# [Task material]
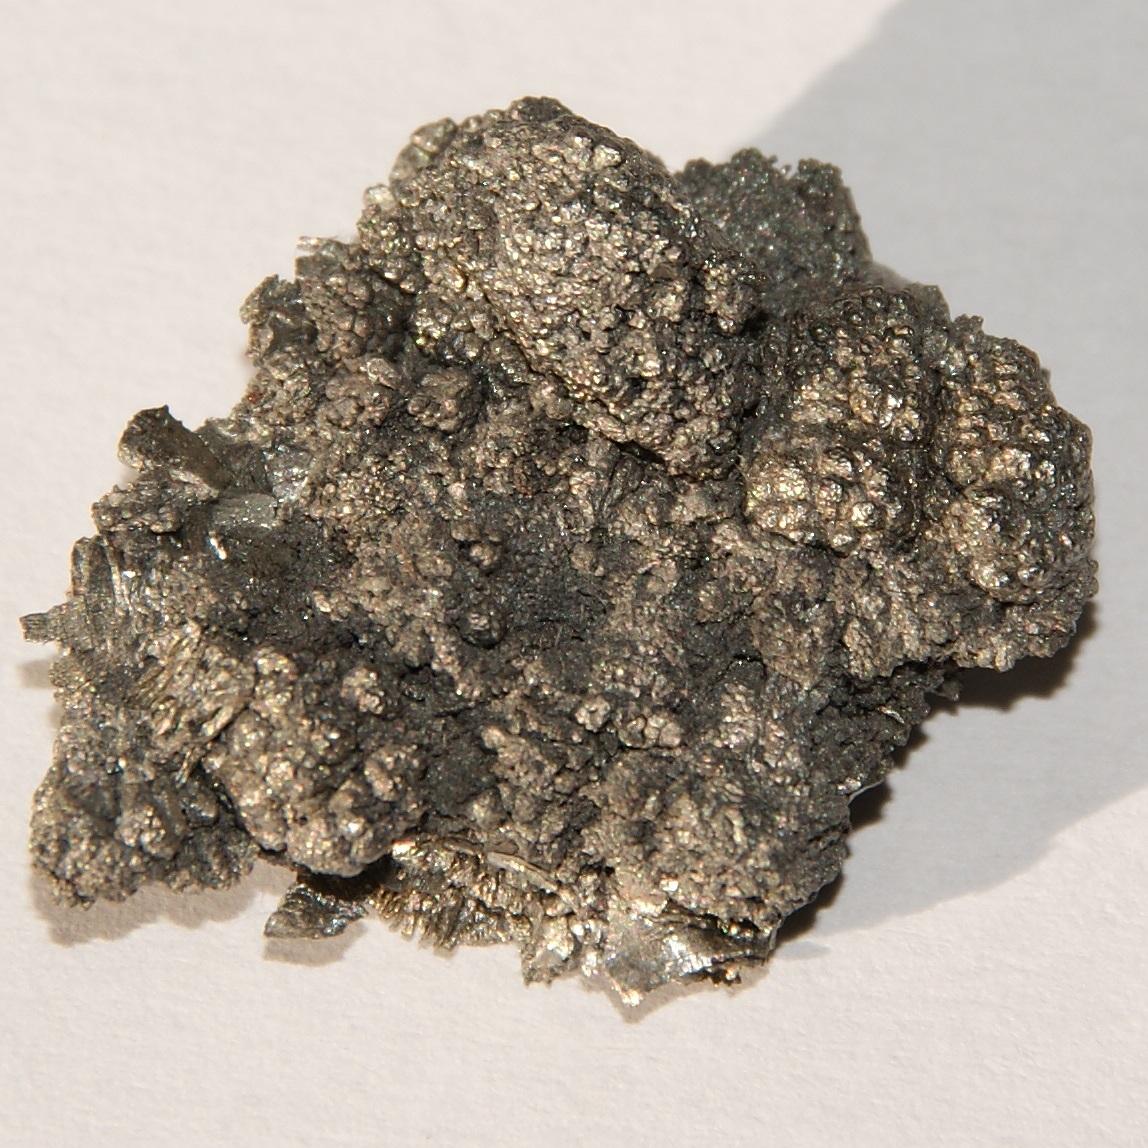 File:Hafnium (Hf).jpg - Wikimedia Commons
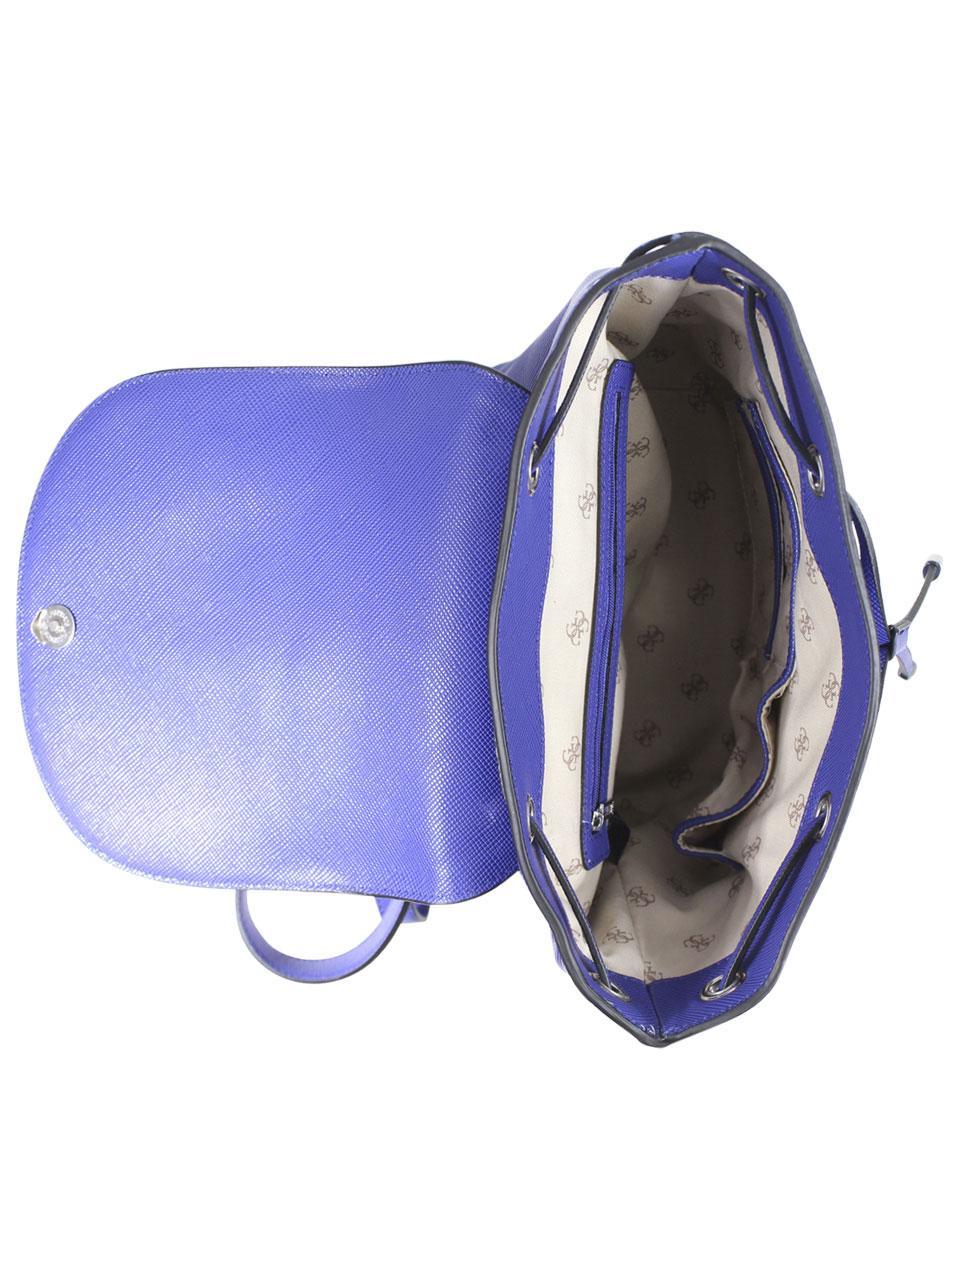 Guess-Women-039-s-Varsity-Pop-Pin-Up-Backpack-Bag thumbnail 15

--

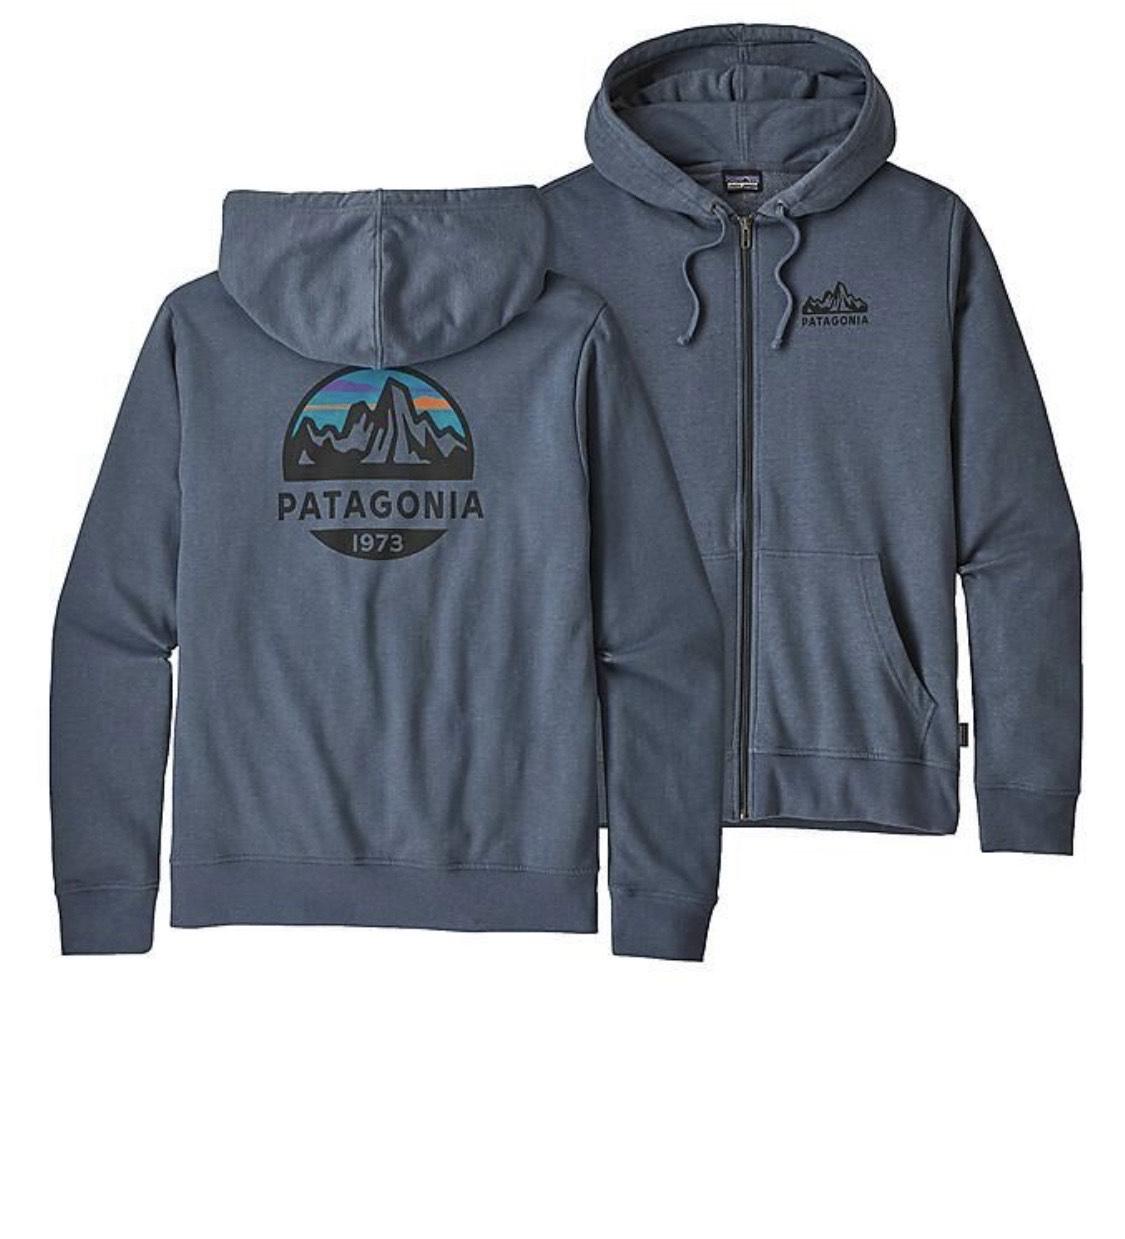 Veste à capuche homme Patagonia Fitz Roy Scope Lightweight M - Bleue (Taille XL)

...

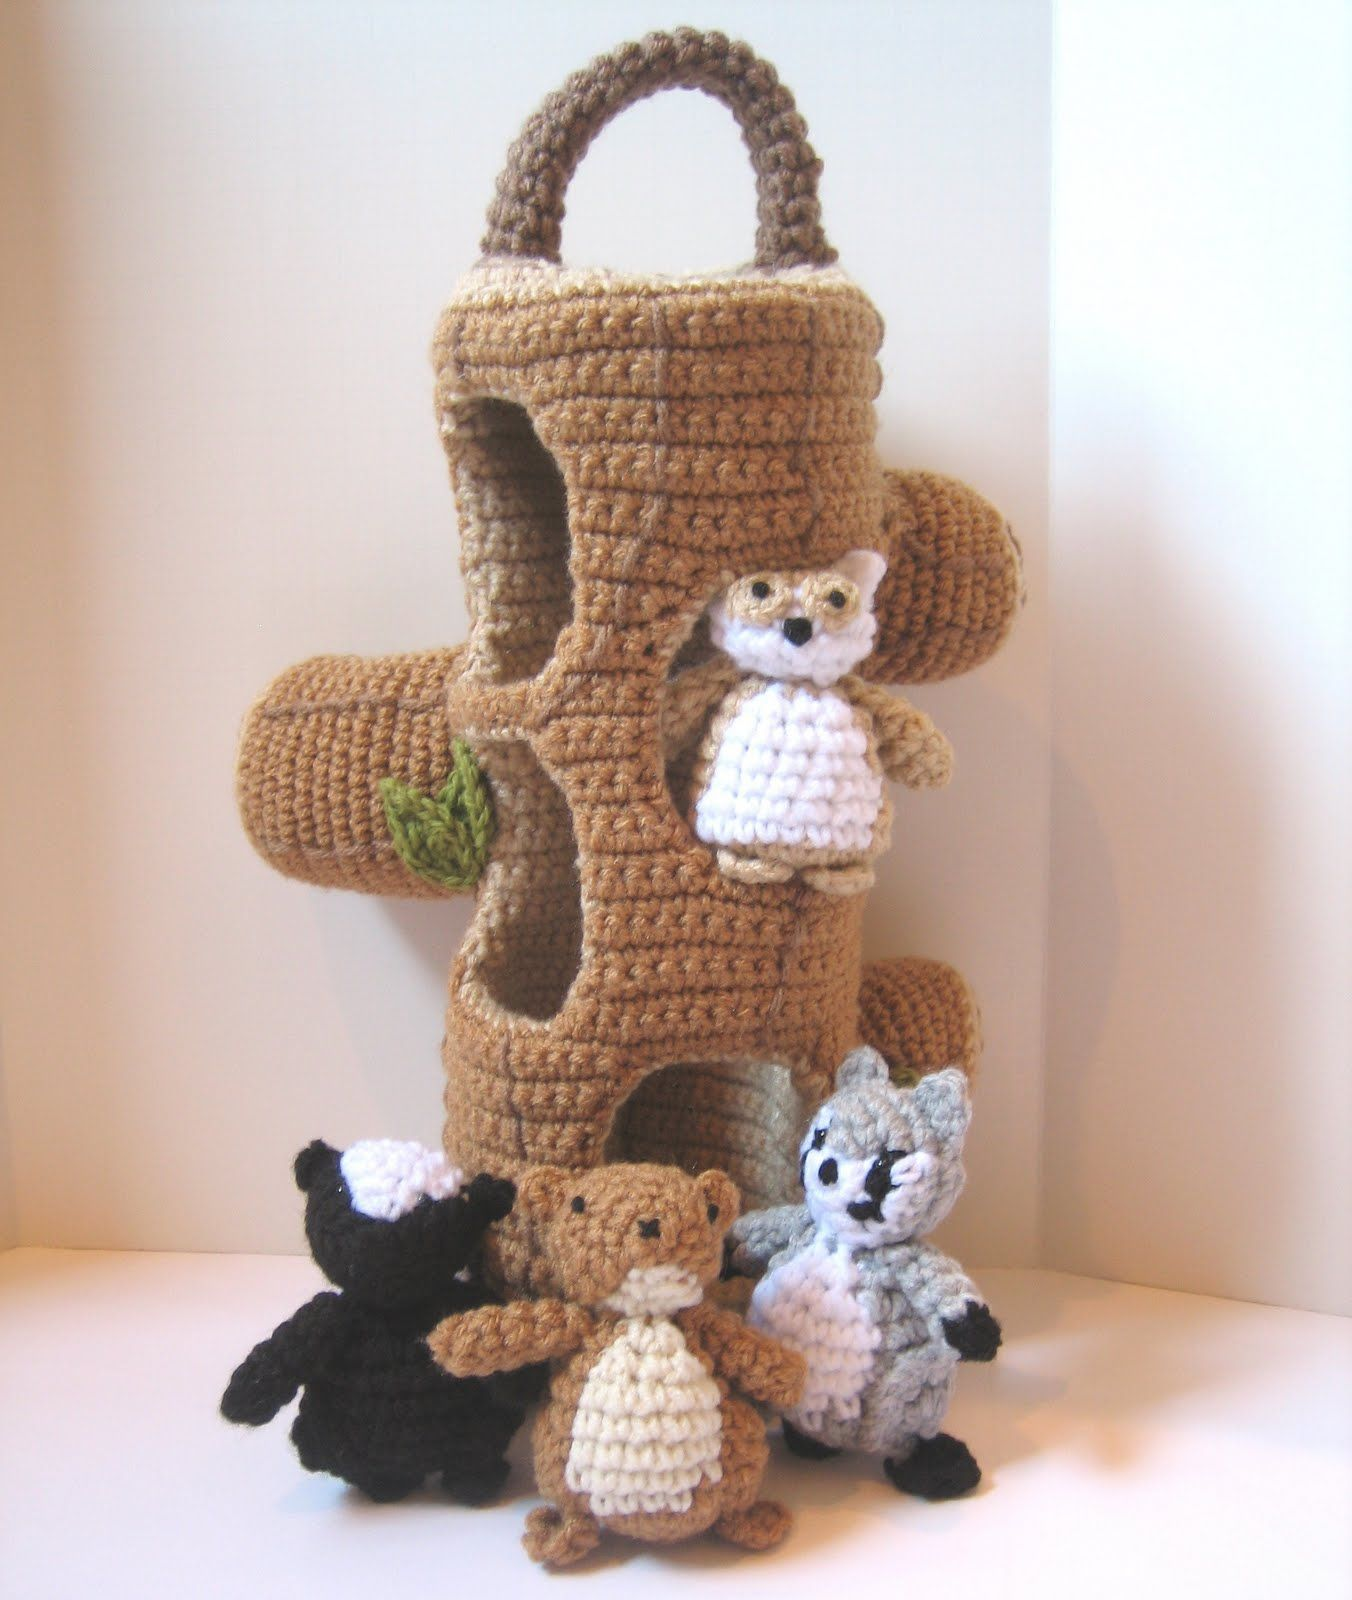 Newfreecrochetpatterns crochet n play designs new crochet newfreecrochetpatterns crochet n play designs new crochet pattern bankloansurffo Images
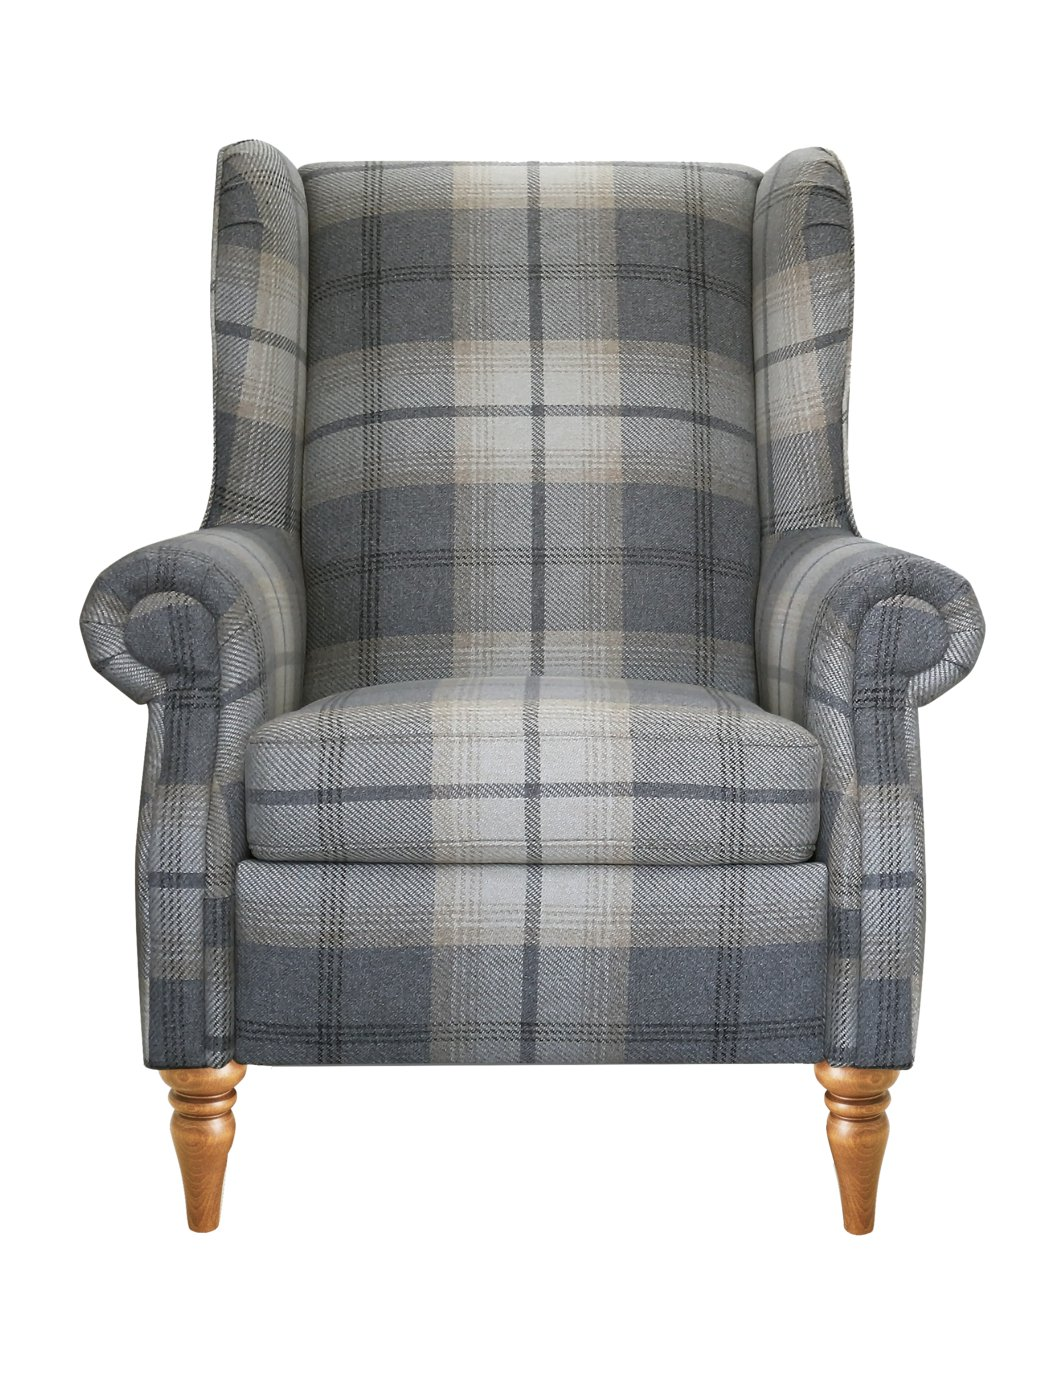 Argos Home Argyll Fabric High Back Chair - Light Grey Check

# [Problem]
Going by the entries above, repeat exactly the lines that start at the line with "File:Hafnium (Hf).jpg - Wikimedia Commons" and go on through the line with "Guess-Women-039-s-Varsity-Pop-Pin-Up-Backpack-Bag thumbnail 15". Pictures are not part of the copy.

# [Task output]
 File:Hafnium (Hf).jpg - Wikimedia Commons
 Guess-Women-039-s-Varsity-Pop-Pin-Up-Backpack-Bag thumbnail 15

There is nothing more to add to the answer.